• _Exercise data_:
┄┄┄┄┄┄┄┄┄┄┄┄┄┄┄┄┄┄┄┄

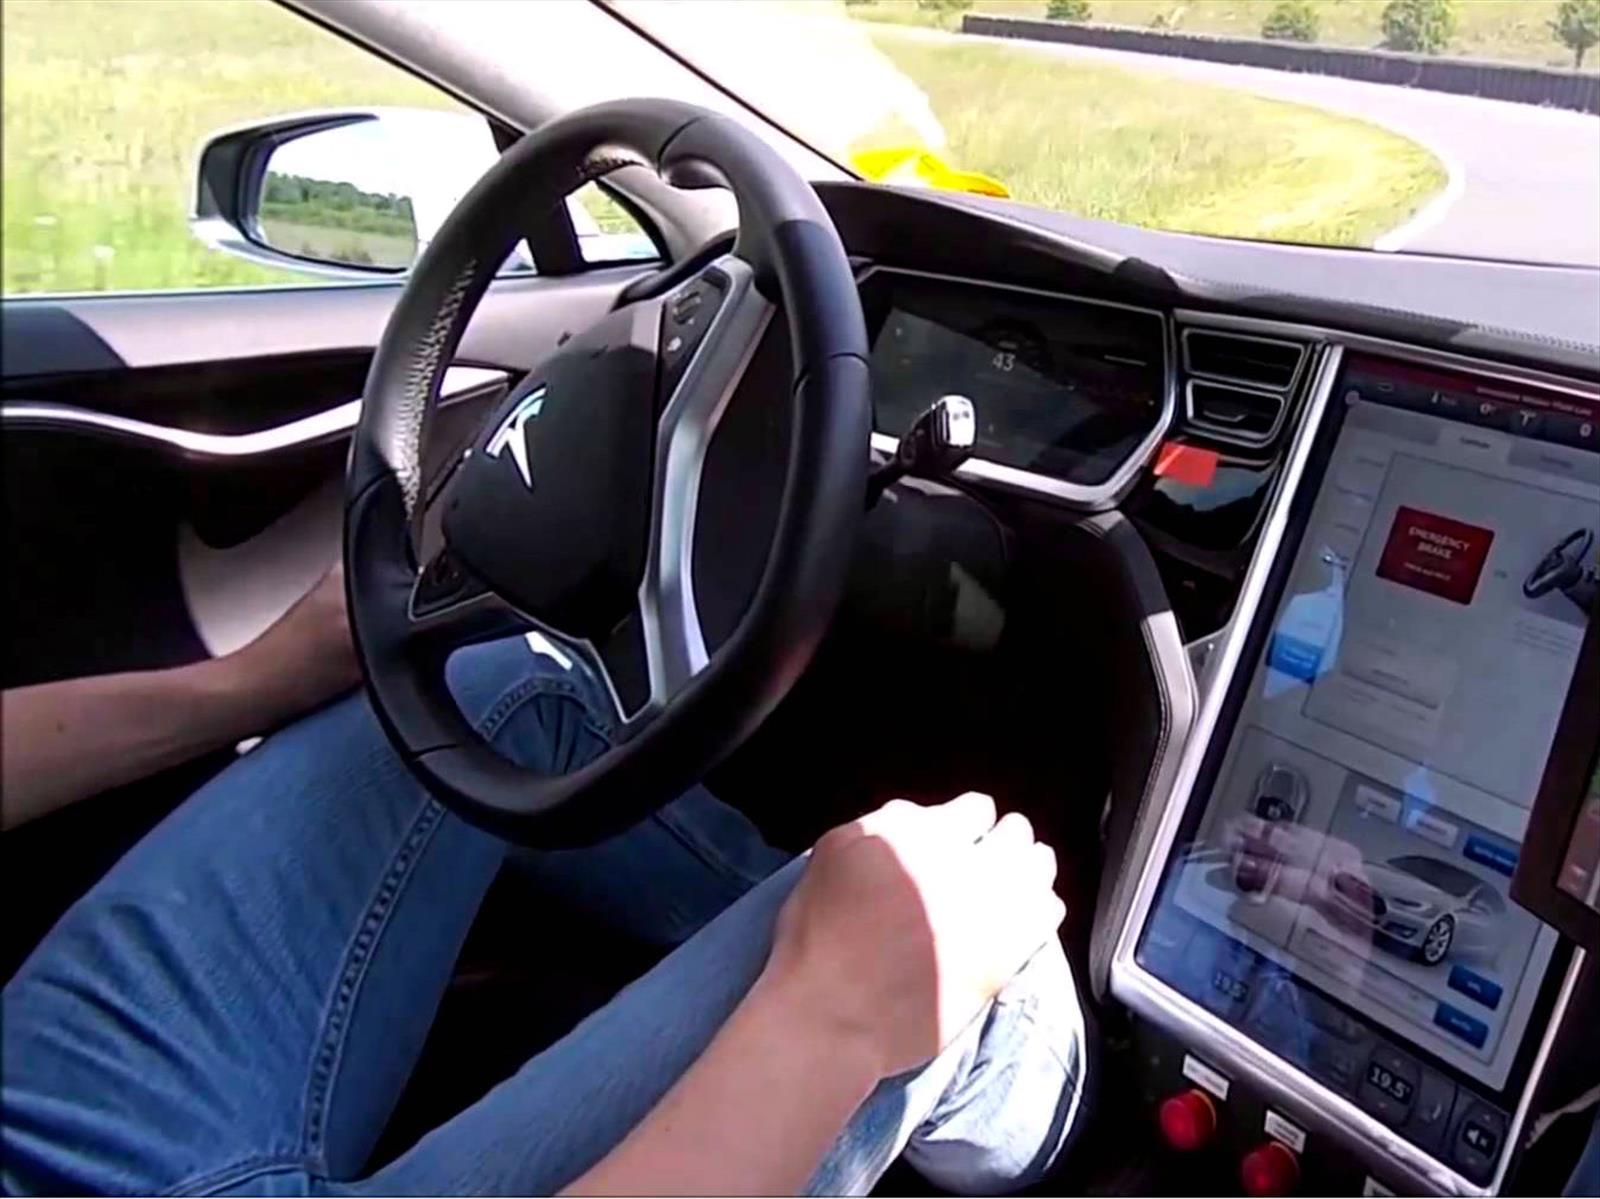 ¡Peligro! El sistema semi-autónomo de Tesla cobra la vida de un conductor
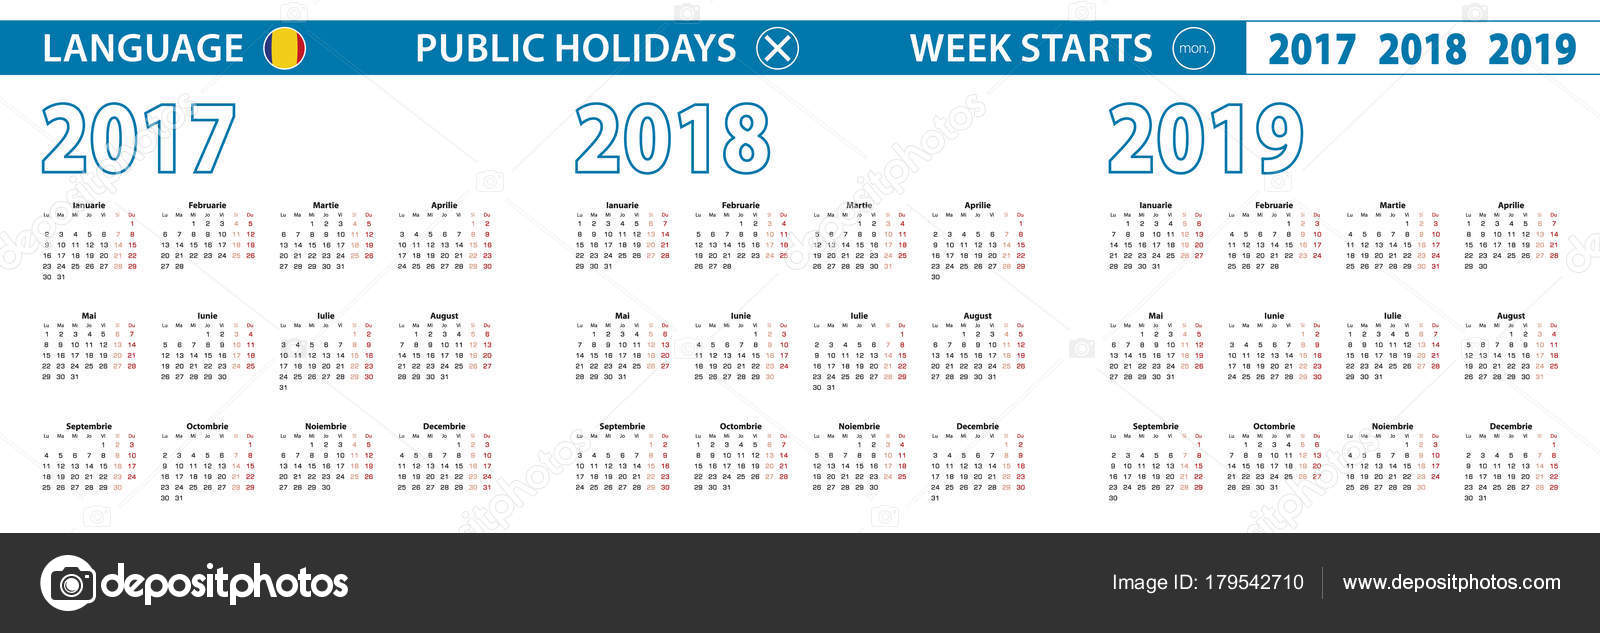 Calendario Romena 2019.Modelo De Calendario Simples Em Romeno Para 2017 2018 2019
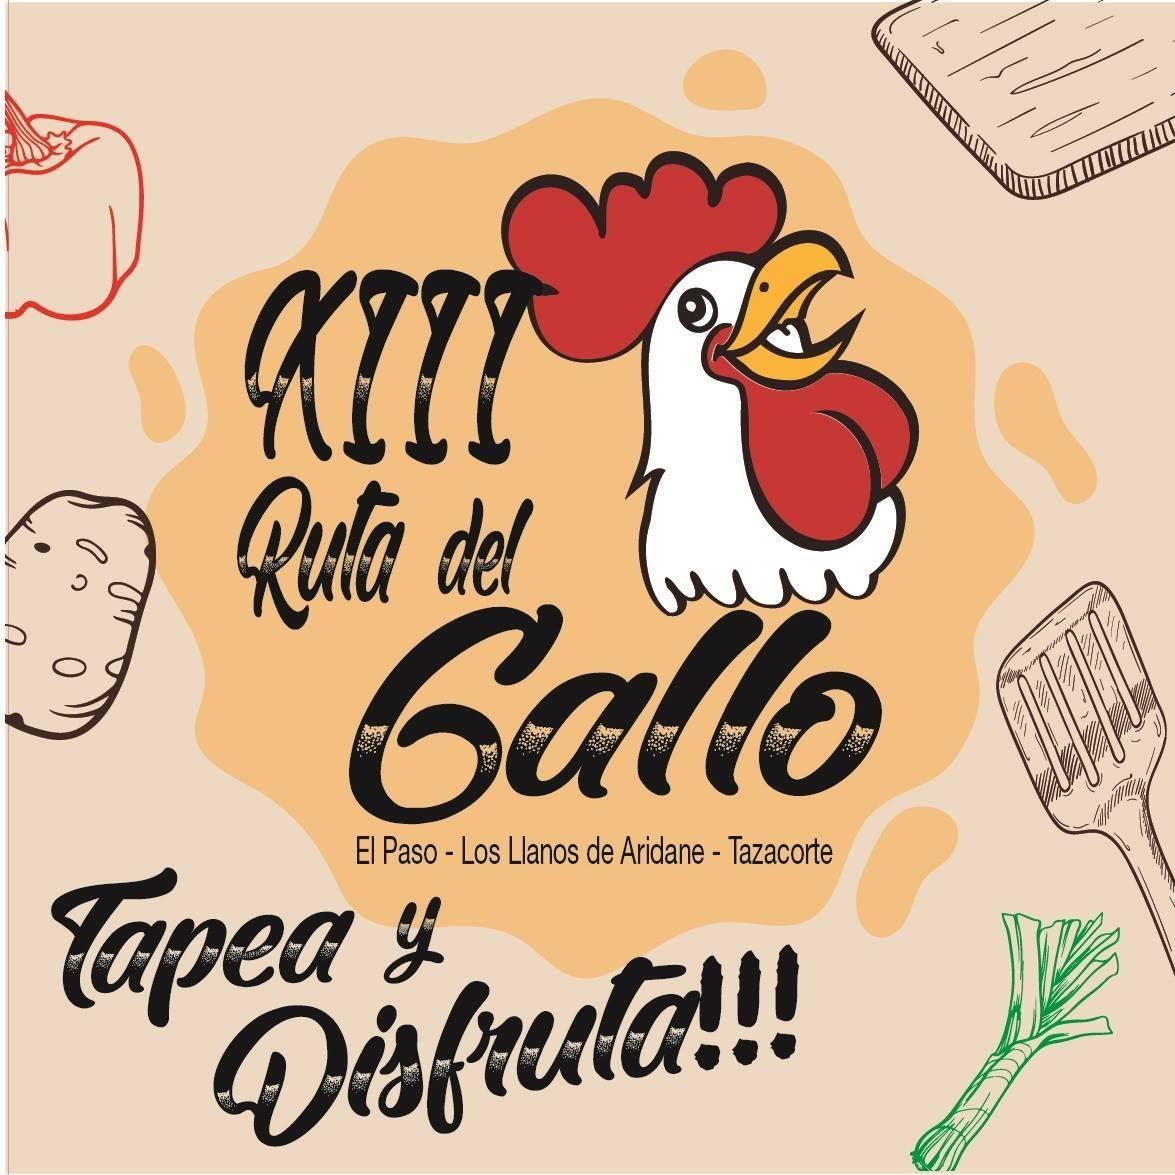 Besuchen Sie La Palma - Ruta del Gallo
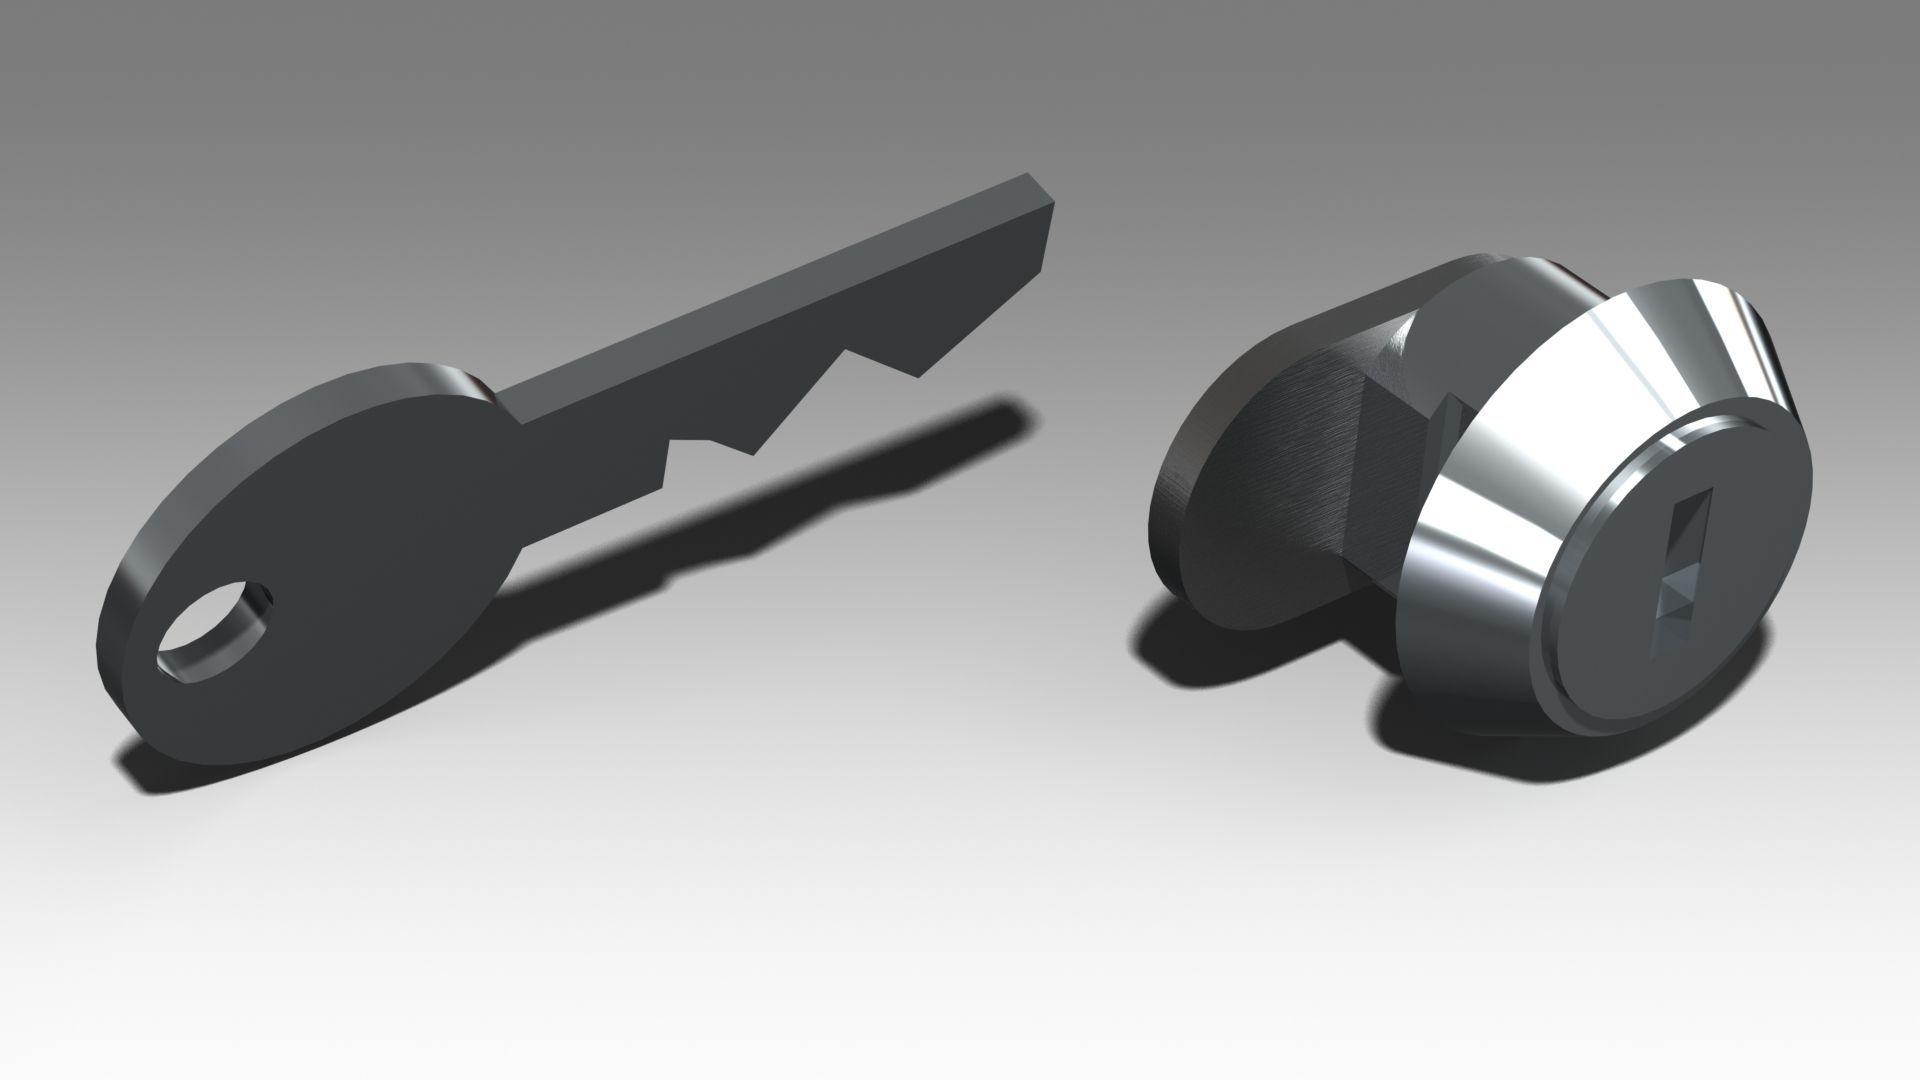 fahrradträgerzubehör: Uebler  Schließzylinder E1585

┄┄┄┄┄┄┄┄┄┄┄┄┄┄┄┄┄┄┄┄

Leave the pictures out and print the whole listing precisely.

• _Completed exercise_:
 ¡Peligro! El sistema semi-autónomo de Tesla cobra la vida de un conductor
 Calendario Romena 2019.Modelo De Calendario Simples Em Romeno Para 2017 2018 2019
 Besuchen Sie La Palma - Ruta del Gallo
 fahrradträgerzubehör: Uebler  Schließzylinder E1585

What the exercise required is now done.